In his first years as a trainer, Sunny Jim struggled. He had to prove himself with a ragtag group of horses from owners that had not established themselves in the industry. It would be 1923 before things began to turn around. It was then that Sunny Jim was given the training duties at Belair Stud. He would continue in his role for Belair until 1955 when he would be given the training duties for Wheatley Stable. It was in this role that Sunny Jim would train Bold Ruler, the sire of Secretariat.
When looking at the career of Sunny Jim, it is best to take it in with a panoramic view. Viewed separately, his conquests may not seem that great to the majority of people. He was prone to stretches of great success followed by period of a long drought. This isn’t uncommon for horsemen today. Fitzsimmons only won 2,275 races in his long career. Today there are talented horsemen who can achieve that number in a much shorter period of time. But Sunny Jim achieved many of his wins in the biggest events that racing has to offer.
Fitzsimmons trained three winners of the Kentucky Derby. He also conditioned four winners of the Preakness Stakes and six winners of the Belmont Stakes. He was able to win the Triple Crown twice with Gallant Fox and Omaha, and he amassed a total of 13 winners in Triple Crown races. This was a long-standing record for many years until it was broken by D. Wayne Lukas. Some would go so far as to claim that Lukas is the Sunny Jim of his generation, and indeed there are many similarities between the two men.
The Legacy of Sunny Jim Fitzsimmons
One could make a strong argument that Sunny Jim Fitzsimmons influenced more horse trainers today than any other horseman. He was the recipient of numerous awards throughout his amazing career, including induction into the National Museum of Racing and Hall of Fame in 1958. The “Mr. Fitz” Award is also given each year to a member of the horse racing community by the National Turf Writer’s Association. By the time he passed away at the age of 91 in 1966, Fitzsimmons had literally grown up watching the progress of almost every Triple Crown winner prior to Secretariat.
His training style and demeanor could sometimes be a direct contrast to his nickname. As the story about Seabiscuit shows, Sunny Jim often had a heavy hand.

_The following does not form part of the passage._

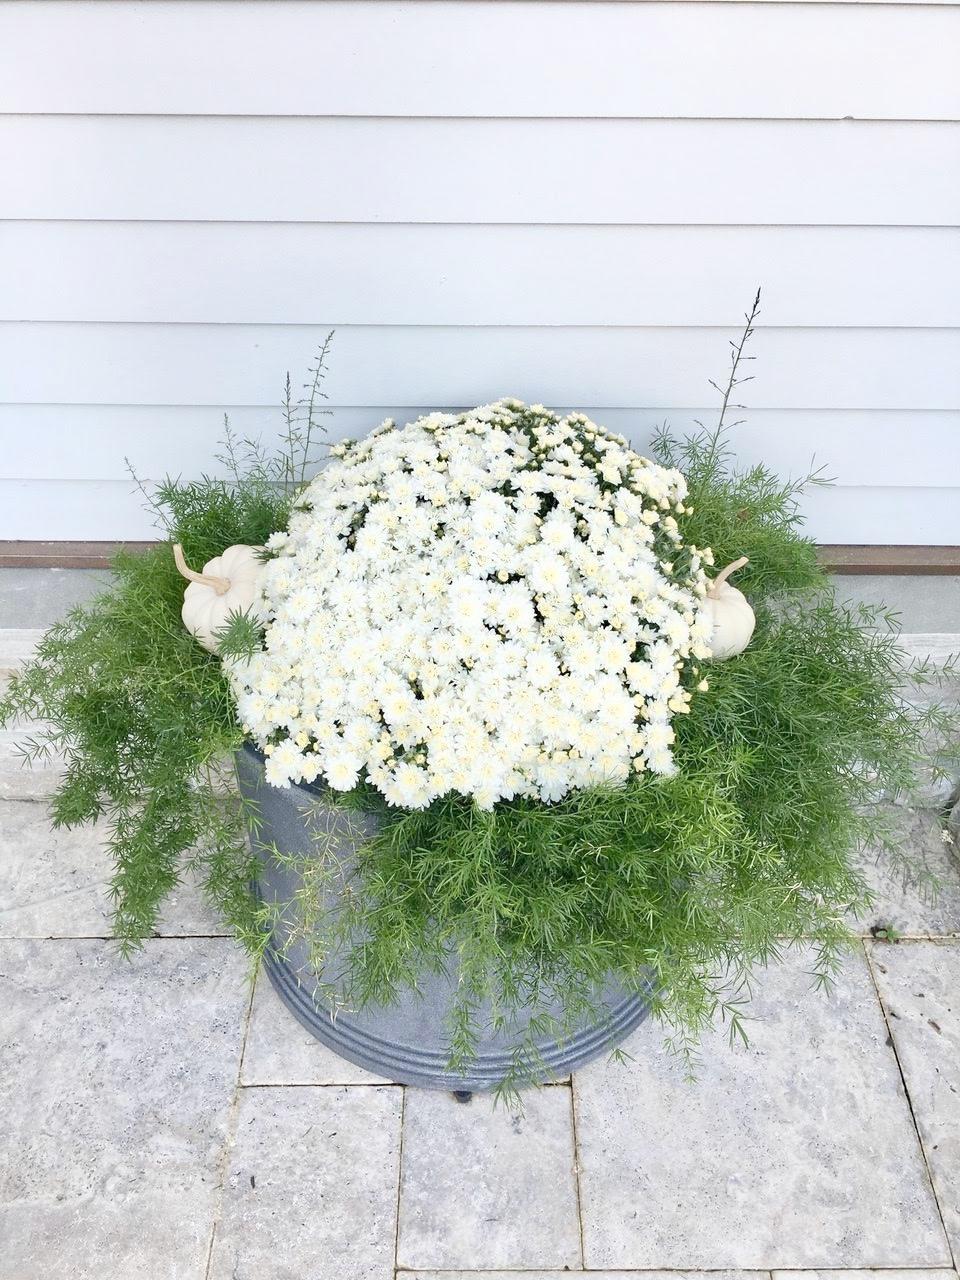 White mums, white pumpkins, and asparagus fern in galvanized tub

In today’s world, this approach would be very much frowned upon by the racing community. Some have also said that Fitzsimmons could be very hard to work for. This could be because he emerged in an era when jockeys were little more than indentured servants to trainers. They often rode under contract to a specific stable and were treated poorly. There can be little doubt that Fitzsimmons participated in these things.
The man who broke Sunny Jim’s record for the most Classic wins, D. Wayne Lukas, has been characterized as much the same. Lukas is a former basketball coach who is not prone to tolerate insubordination. When his own son Jeff was run down and permanently injured by a horse named Tabasco Cat in Lukas’ stable, some perceived Lukas as heartless in his reaction to the incident. Both men were entirely devoted to winning, and some will always claim that the passion to win compelled them to take measures that were not always ethical. While Lukas’ son was fighting for his life and trying to recover from his trauma, Lukas continued training Tabasco Cat for the Triple Crown. He won two of the three legs.
Horsemen like Sunny Jim often have a tough exterior which belies the genuine passion that they have for the sport. That passion can sometimes be mistaken for a lack of caring. Whether or not one likes men like Fitzsimmons or Lukas doesn’t negate the successful results they have produced.